(Stored items)
=-=-=-=-=

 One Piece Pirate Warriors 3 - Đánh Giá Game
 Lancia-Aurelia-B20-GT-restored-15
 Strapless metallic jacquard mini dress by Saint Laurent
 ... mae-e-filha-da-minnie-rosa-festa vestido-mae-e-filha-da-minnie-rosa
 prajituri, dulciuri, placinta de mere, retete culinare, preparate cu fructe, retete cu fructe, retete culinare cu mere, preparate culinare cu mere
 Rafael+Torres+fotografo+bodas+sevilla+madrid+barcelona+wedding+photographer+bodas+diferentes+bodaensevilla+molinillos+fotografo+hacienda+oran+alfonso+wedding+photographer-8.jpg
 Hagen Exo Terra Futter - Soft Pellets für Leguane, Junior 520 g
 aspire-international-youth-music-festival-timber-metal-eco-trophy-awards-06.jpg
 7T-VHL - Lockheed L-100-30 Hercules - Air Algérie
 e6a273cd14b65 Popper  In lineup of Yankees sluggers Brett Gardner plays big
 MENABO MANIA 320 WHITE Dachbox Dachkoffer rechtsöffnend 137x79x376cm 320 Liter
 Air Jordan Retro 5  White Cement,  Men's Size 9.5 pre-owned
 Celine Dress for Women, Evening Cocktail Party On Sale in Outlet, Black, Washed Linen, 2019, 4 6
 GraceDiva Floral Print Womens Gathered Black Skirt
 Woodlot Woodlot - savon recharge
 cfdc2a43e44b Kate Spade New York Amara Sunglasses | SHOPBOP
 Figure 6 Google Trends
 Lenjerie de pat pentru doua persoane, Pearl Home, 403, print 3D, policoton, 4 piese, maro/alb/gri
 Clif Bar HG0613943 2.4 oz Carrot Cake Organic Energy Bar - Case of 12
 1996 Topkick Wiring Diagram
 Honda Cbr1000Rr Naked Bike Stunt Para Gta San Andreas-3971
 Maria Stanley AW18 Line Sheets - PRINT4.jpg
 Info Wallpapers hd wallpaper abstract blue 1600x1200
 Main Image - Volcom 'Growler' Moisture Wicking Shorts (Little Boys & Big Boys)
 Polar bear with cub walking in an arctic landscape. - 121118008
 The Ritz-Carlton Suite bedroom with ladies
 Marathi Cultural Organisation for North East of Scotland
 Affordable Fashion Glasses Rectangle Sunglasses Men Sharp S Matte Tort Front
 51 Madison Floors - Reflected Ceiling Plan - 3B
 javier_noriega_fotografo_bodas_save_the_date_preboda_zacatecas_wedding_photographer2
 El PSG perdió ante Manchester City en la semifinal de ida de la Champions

=-=-=-=-=

### Action item
Pull every line containing the string "Sunglasses" out of the data above and copy it.

### Exercise result
 cfdc2a43e44b Kate Spade New York Amara Sunglasses | SHOPBOP
 Affordable Fashion Glasses Rectangle Sunglasses Men Sharp S Matte Tort Front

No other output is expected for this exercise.